Gragert praised HSTF in developing the final report. “It was a hardworking group, and I was pleased with how they went about it,” he says. “I think they contacted at least 30 agriculture and nonagriculture government agencies and other organizations and took all of that input.
“The group also took it upon themselves to contact individual states across the nation to investigate what other states were doing to promote healthy soils, and I believe they were able to cherry-pick the best ideas from those contacts.”
Although Gragert and Slama were nonvoting members, the effort has been quite personal for Gragert as the original sponsor of the bill.
“I really believe that after all of the work, the task force developed a final report that is exceptional,” he says. “The recommendations of the report do not include asking for funding at this time, and they focus entirely on incentivizing producers to adopt conservation practices, instead of mandating them.”
One graphic in the report strongly acknowledges advantages to building healthy soils, including improved yield stability and greater financial return for producers — as well as better soil structure, increased infiltration, better water storage and less runoff. Ultimately, healthy soils protect agriculture’s economic engine and protect the environment for future generations, the graphic states.
Gragert feels the report offers a road map that could put Nebraska in the leadership role nationally on healthy soils. “These recommendations are a win-win-win scenario,” he notes. “They are a win for producers, a win for consumers and a win for the environment. As our soils get healthier, they become more resilient against both flooding and drought.”
Because soil health has such a far-reaching effect on all Nebraskans, the group was cognizant of both rural and urban interests during the discussions, Gragert says.

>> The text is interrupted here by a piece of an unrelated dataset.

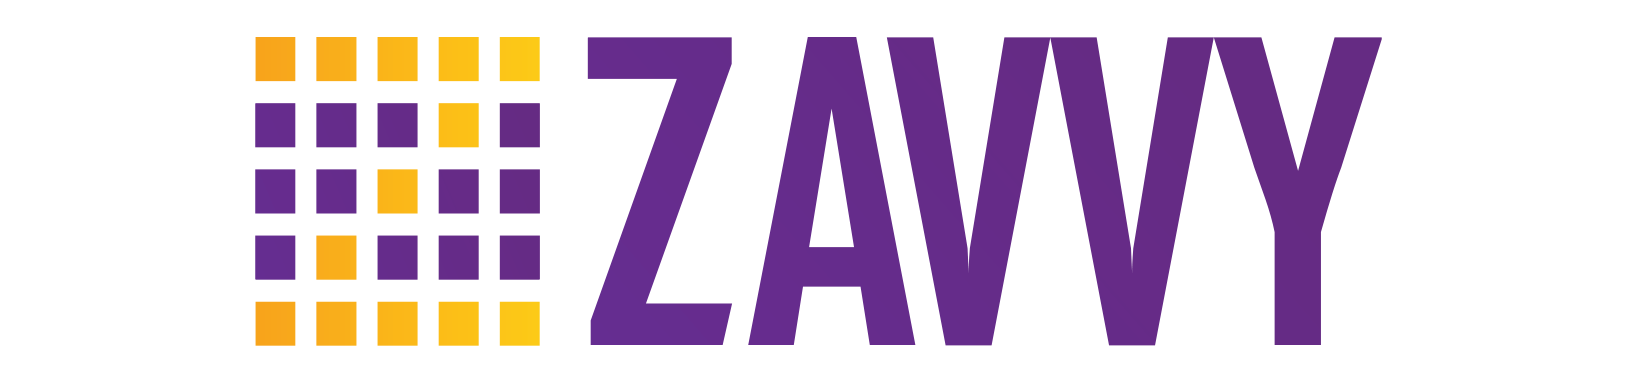 Zavvy Network
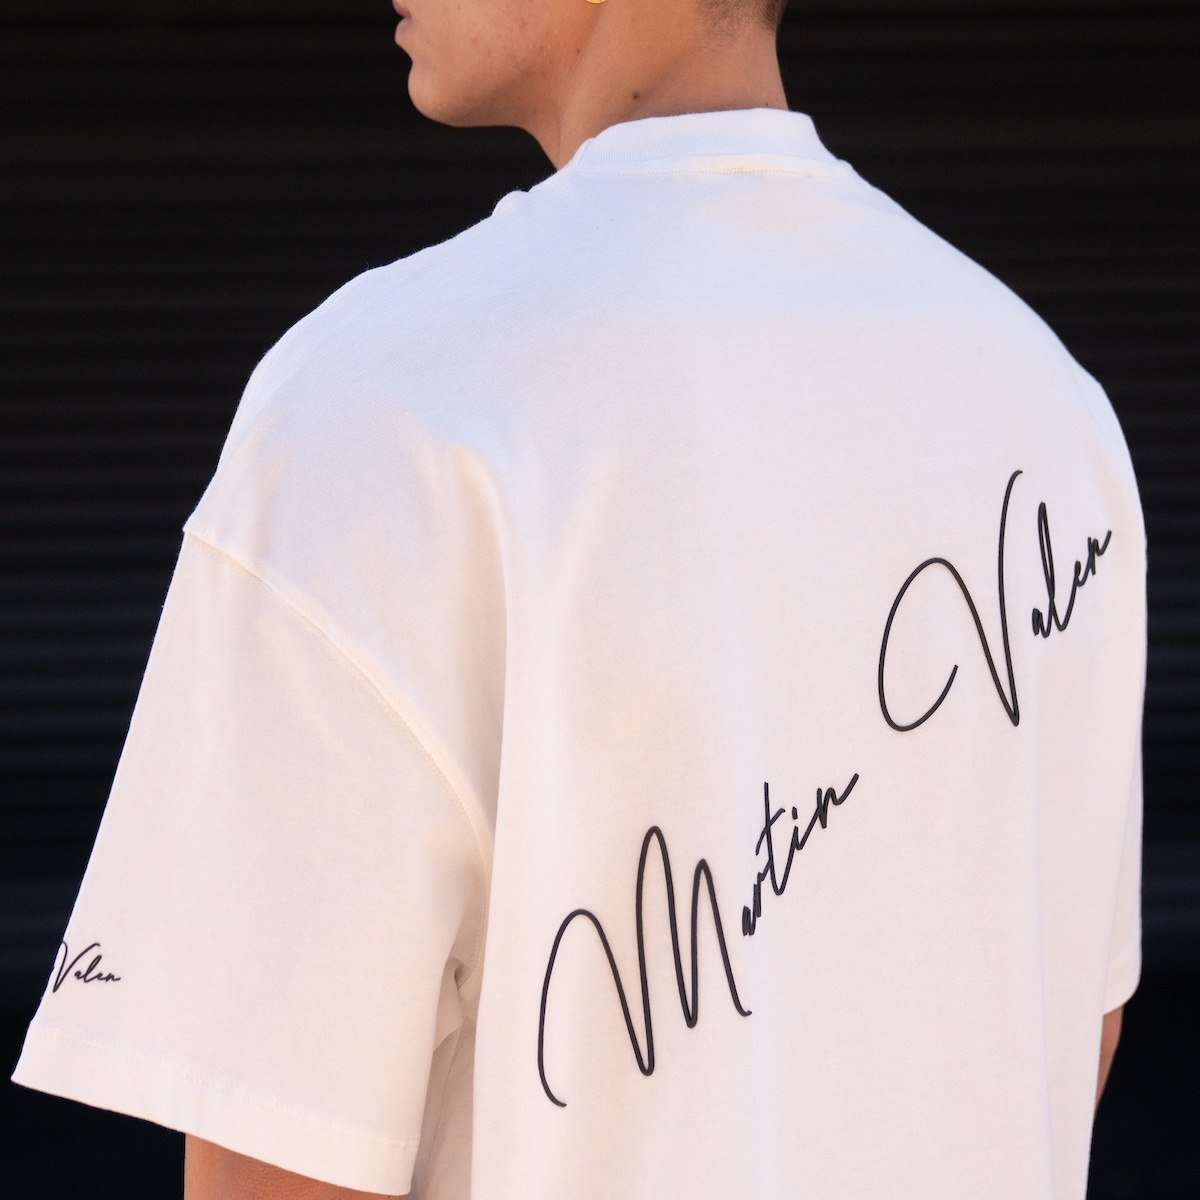 Camiseta extragrande blanca con estampado 3D de mangas, pecho y espalda de Martin Valen para hombre

“It was just invaluable having all of the input from other groups,” says Berns, HSTF chair. “We also made a ton of contacts and raised awareness about the opportunities for the state. It was gratifying to see the broad spectrum of support, not only from the agriculture groups, but also support from other components.”
Agribusinesses, private industry, urban and rural interests, environmental groups, government conservation agencies, and agriculture organizations all had input during the process, Berns notes.
Tons of input
Earlier drafts of the report were amended with input from numerous groups, adding depth through analysis of livestock and the positive role it can play in healthy soils, as well as building in economic models and real-life experiences, strengthening the final report, Berns says.
“We are realistic about the next steps. Most of the successful efforts in other states are more grassroots, producer-led efforts,” Berns notes, with support from agriculture agencies and organizations, as well as environmental and consumer groups, agribusinesses and private industry.
“With deep involvement from USDA's Natural Resources Conservation Service, our state’s NRDs and the University of Nebraska and other institutions, we hope to forge partnerships and a grassroots healthy soils hub that is its own entity, that focuses solely on soil health across all boundaries.”
For his part as a follow-up, Gragert will introduce a resolution asking the Legislature at the very minimum to acknowledge the work of HSTF and recognize that Nebraska has the opportunity through the goals and recommendations proposed in the report to become a healthy soils leader in the nation.
“I just don’t want the report to get shelved,” Gragert says. “I hope there is interest in following up, and I hope several agencies and partners jump on board.”